Read more in Triton Inference server model configuration
Parameters:
-
CONTROL_SEQUENCE_START
–"CONTROL_SEQUENCE_START"
-
CONTROL_SEQUENCE_READY
–"CONTROL_SEQUENCE_READY"
-
CONTROL_SEQUENCE_END
–"CONTROL_SEQUENCE_END"
-
CONTROL_SEQUENCE_CORRID
–"CONTROL_SEQUENCE_CORRID"
model_navigator.triton.SequenceBatcherInitialState
dataclass
Sequence Batching initial state configuration.

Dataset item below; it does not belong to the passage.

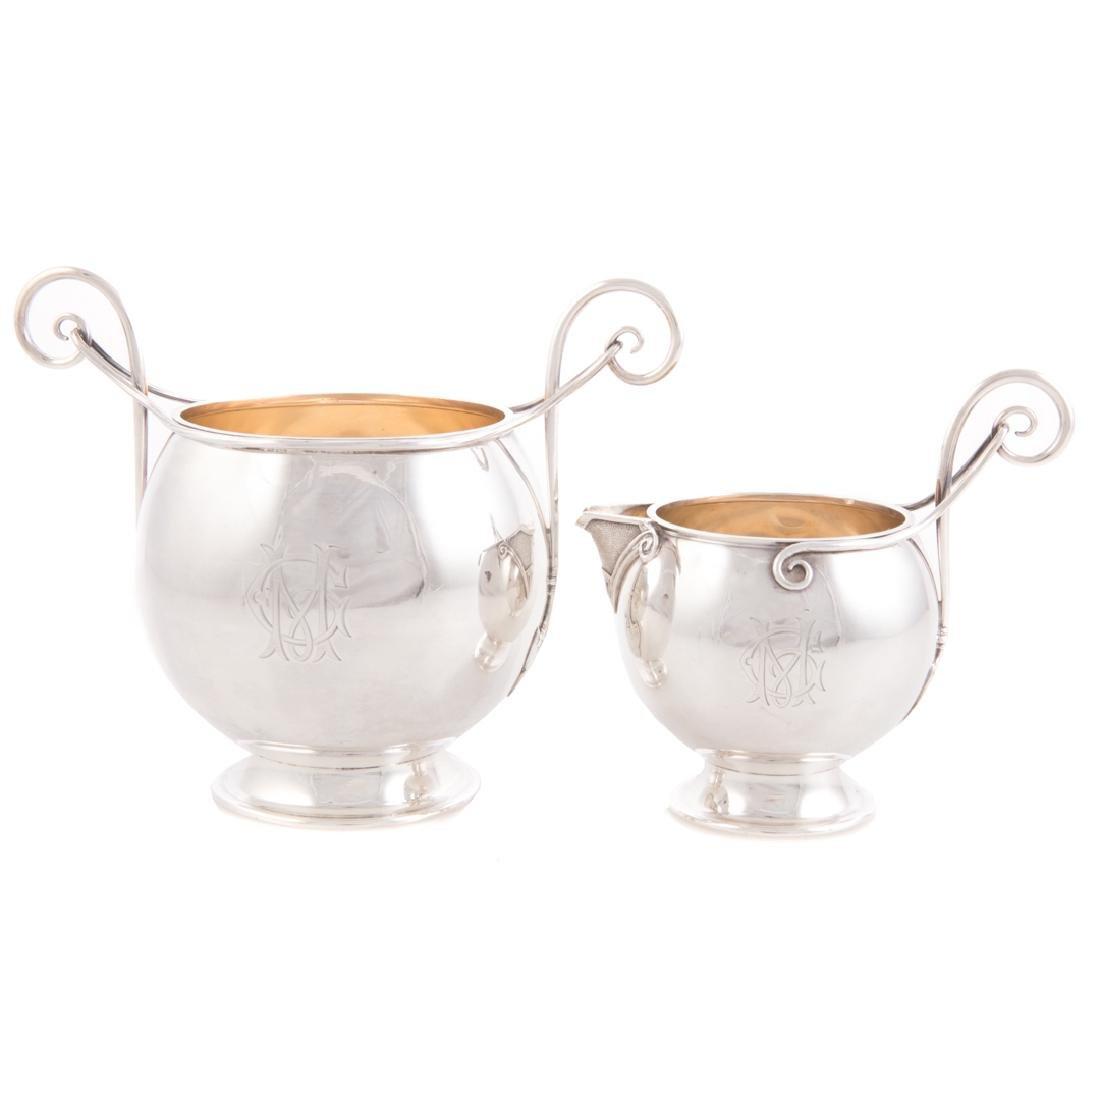 Gorham sterling sugar bowl & cream pitcher

Read more in Triton Inference server model configuration
Parameters:
-
name
(str
) – -
shape
(Tuple[int, ...]
) –The shape of the state tensor, not including the batch dimension.
-
dtype
(Optional[Union[dtype, Type[dtype]]]
, default:None
) –The data-type of the state.
-
zero_data
(Optional[bool]
, default:None
) –The identifier for using zeros as initial state data.
-
data_file
(Optional[Path]
, default:None
) –The file whose content will be used as the initial data for the state in row-major order.
__post_init__
Validate the configuration for early error handling.
Source code in model_navigator/triton/specialized_configs/common.py
model_navigator.triton.SequenceBatcherState
dataclass
Sequence Batching state configuration.
Read more in Triton Inference server model configuration
Parameters:
-
input_name
(str
) –The name of the model state input.
-
output_name
(str
) –The name of the model state output.
-
dtype
(Union[dtype, Type[dtype]]
) –The data-type of the state.
-
shape
(Tuple[int, ...]
) –The shape of the state tensor.
-
initial_states
(List[SequenceBatcherInitialState]
, default:lambda: []()
) –The optional field to specify the list of initial states for the model.
__post_init__
Validate the configuration for early error handling.
Source code in model_navigator/triton/specialized_configs/common.py
model_navigator.triton.SequenceBatcherStrategyDirect
dataclass
Sequence Batching strategy direct configuration.
Read more in Triton Inference server model configuration
Parameters:
-
max_queue_delay_microseconds
(int
, default:0
) –The maximum time, in microseconds, a candidate request will be delayed in the sequence batch scheduling queue to wait for additional requests for batching.
-
minimum_slot_utilization
(float
, default:0.0
) –The minimum slot utilization that must be satisfied to execute the batch before 'max_queue_delay_microseconds' expires.
model_navigator.triton.SequenceBatcherStrategyOldest
dataclass
SequenceBatcherStrategyOldest(max_candidate_sequences, preferred_batch_size=lambda: [](), max_queue_delay_microseconds=0)
Sequence Batching strategy oldest configuration.
Read more in Triton Inference server model configuration
Parameters:
-
max_candidate_sequences
(int
) –Maximum number of candidate sequences that the batcher maintains.
-
preferred_batch_size
(List[int]
, default:lambda: []()
) –Preferred batch sizes for dynamic batching of candidate sequences.
-
max_queue_delay_microseconds
(int
, default:0
) –The maximum time, in microseconds, a candidate request will be delayed in the dynamic batch scheduling queue to wait for additional requests for batching.